When this is done, it has a list of range() objects. These ranges can be used to highlight the proper lines of code from the source file. Your application may be different, of course, you may want to simply write the literals to a TOML configuration file, for example.
"Why," you might ask, "do you have range() objects instead of the code?"
The Ultimate Goal
In my specific (and unique) use case, I need to be sure the minted code highlighter will properly format SQL code.
The goal is a book, written using RST markup, with properly colorized SQL examples. That part is easy, what's hard is making sure all examples are unit-tested and really, really work. (I'm fussy like that.)
This means including the source text from a .py file into the book's content.
But. (Big Sigh.)
Minted can't cope with a mixture of Python and SQL, and can't properly color code a few isolated SQL lines plucked from a Python context. (This shouldn't have been too surprising; after I ranted and raved about it, I realized minted must colorize the whole file before a few lines can be selected from it.

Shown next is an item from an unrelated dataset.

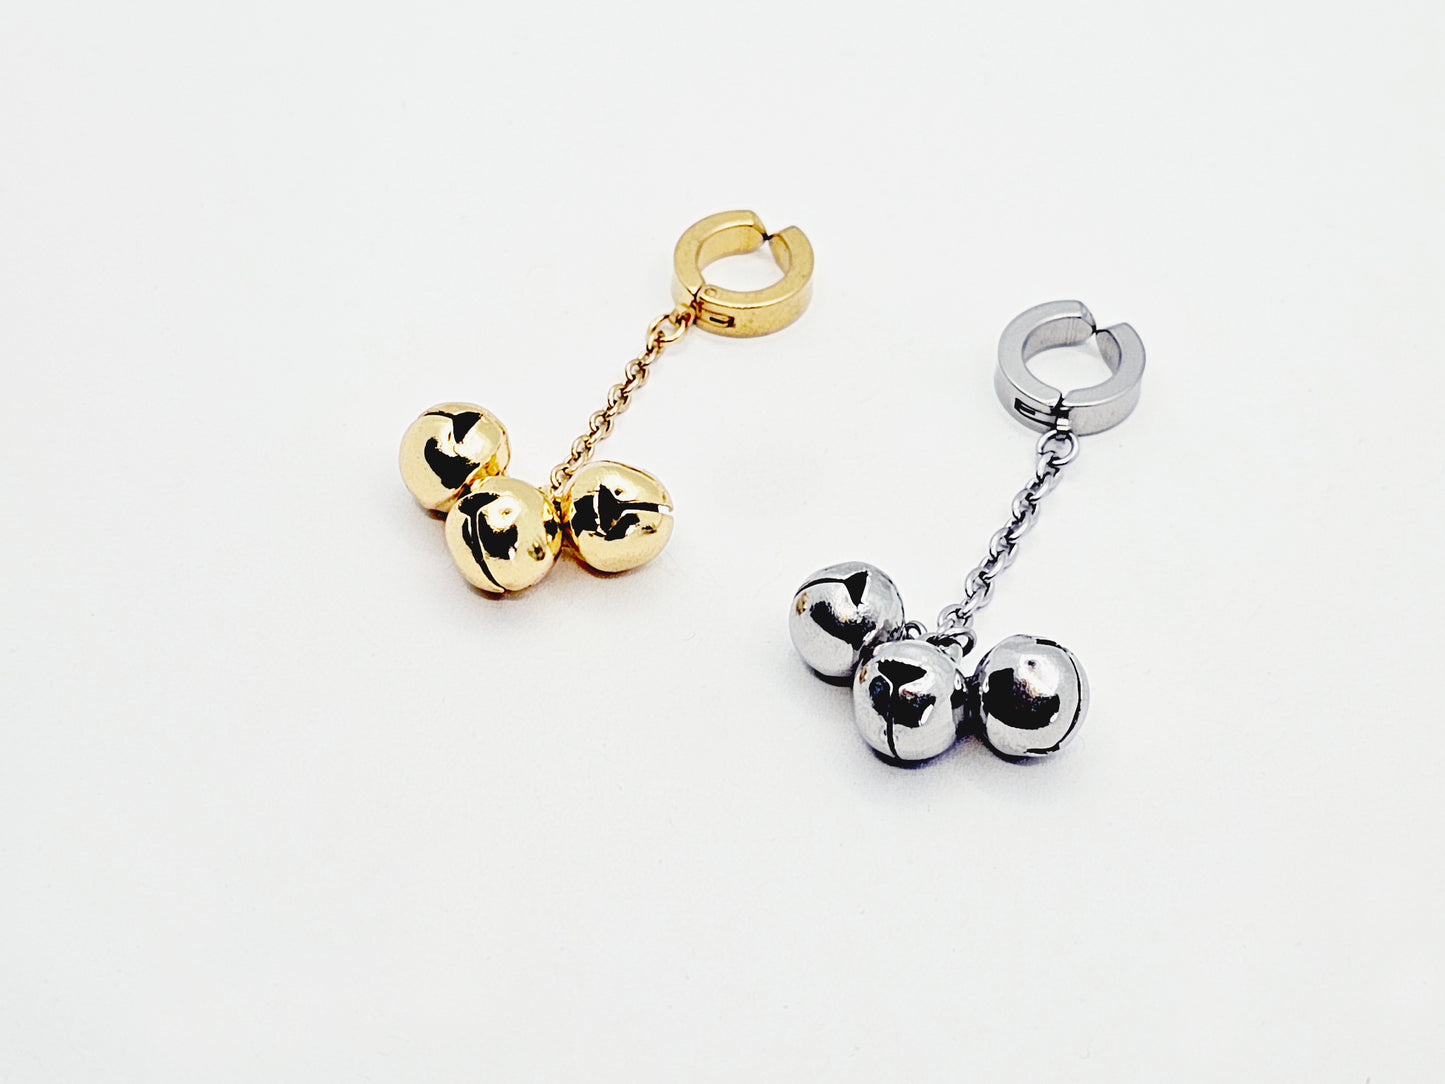 Genital Jewelry Clip with Bells, Stainless Steel. In Gold or Silver. Non Piercing Clitoral Jewelry.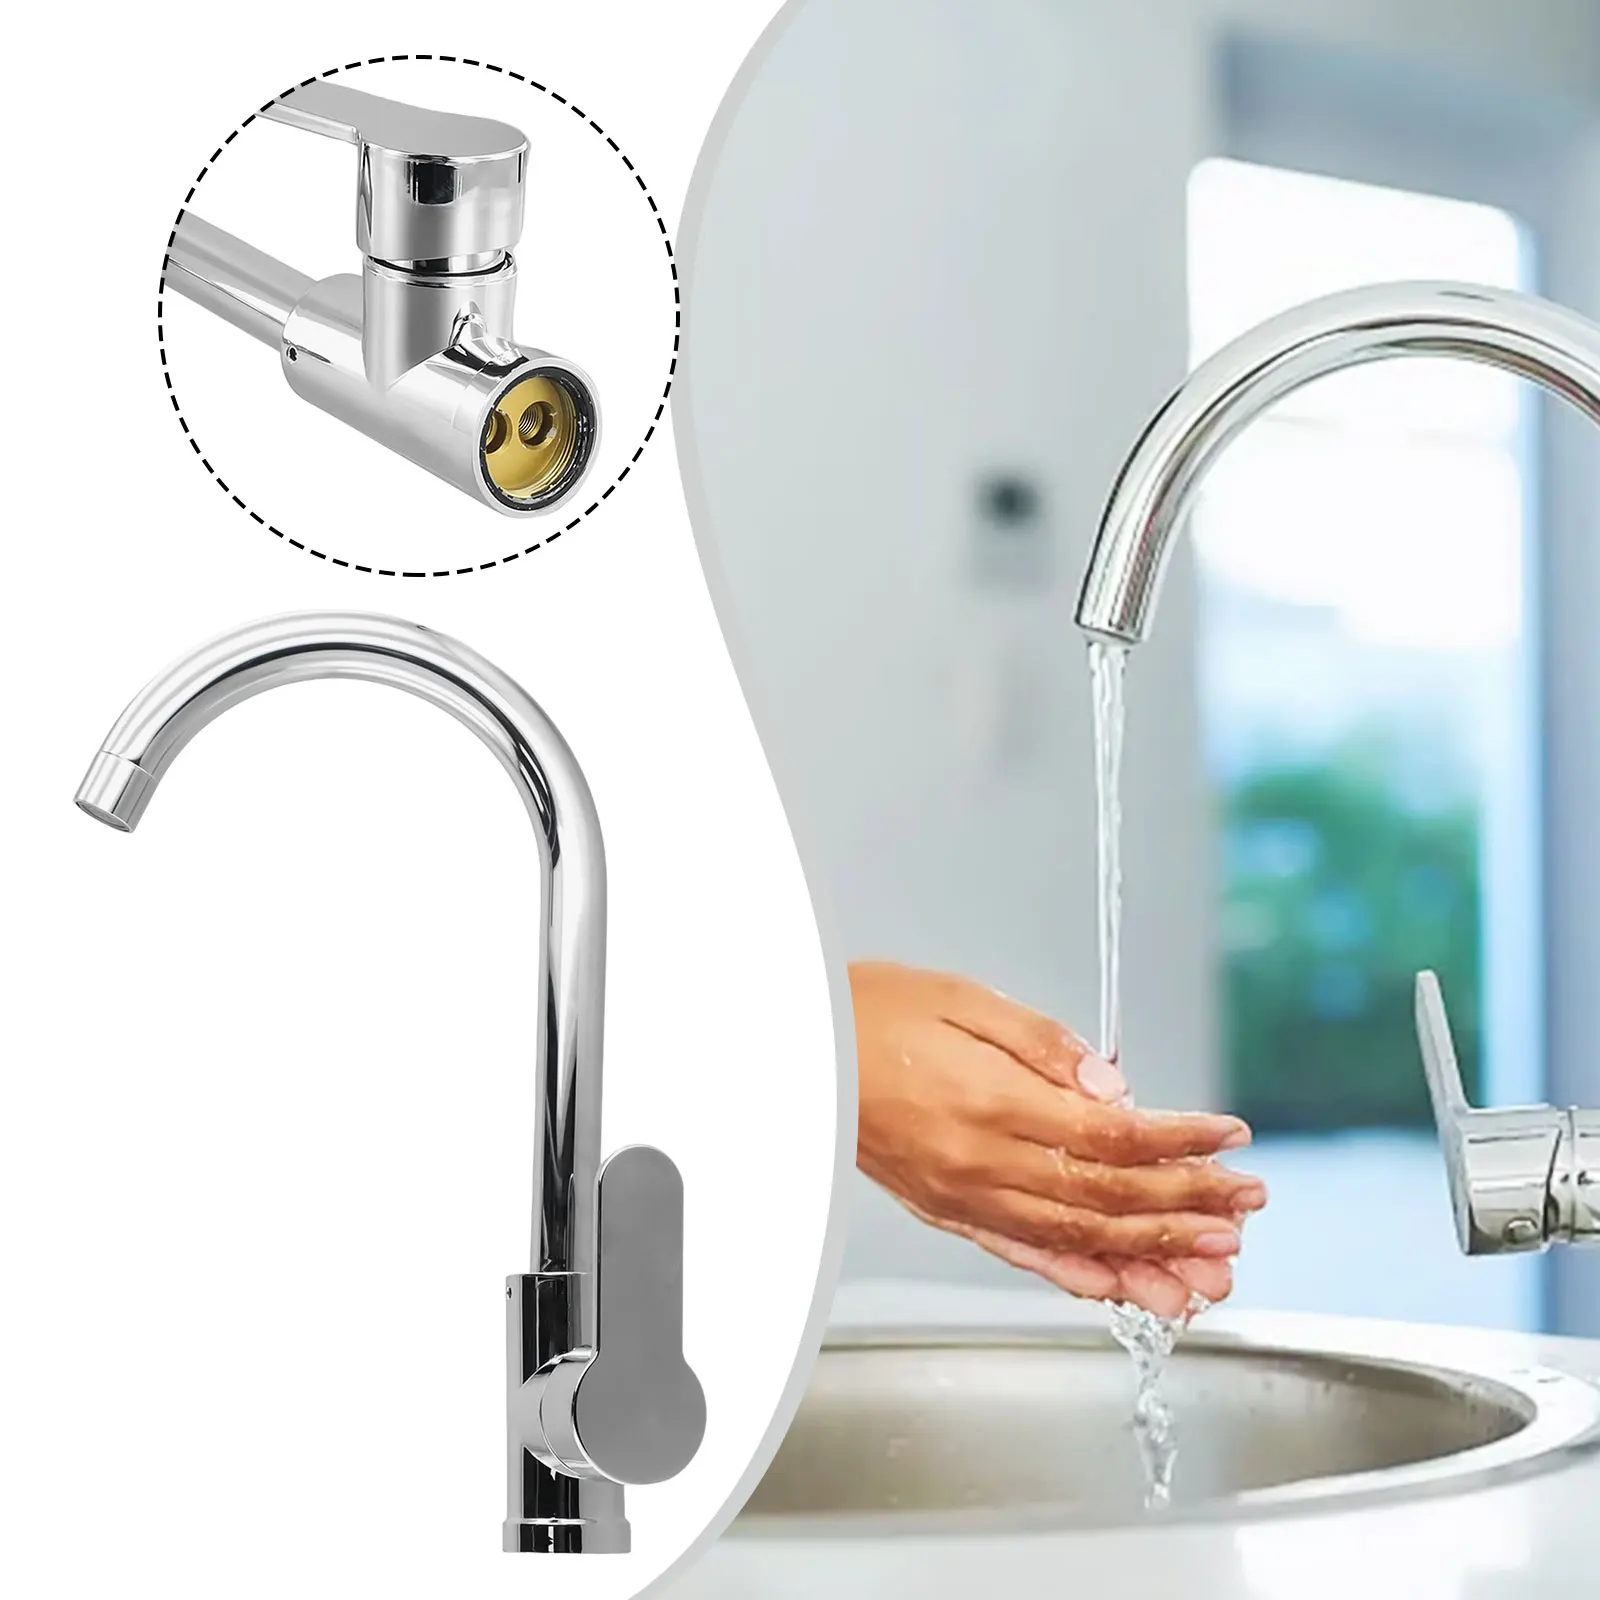 

1x Kitchen Faucet Brushed Stainless Stee 360 ° Rotating Swan Neck Cold And Hot Mixer Taps Deck Mounted Single Handle-Faucet

Context matters when highlighting syntax.)
In my application, I'm creating a parallel file with all non-SQL lines prefixed with the "--" SQL comment marker. This leaves the SQL behind to be seen by minted and properly colored. The Python lines are hidden from minted.
The book can then use an .. literalinclude:: directive that has properly highlighted SQL. The Python file is unit tested, which gives me confidence in the SQL file.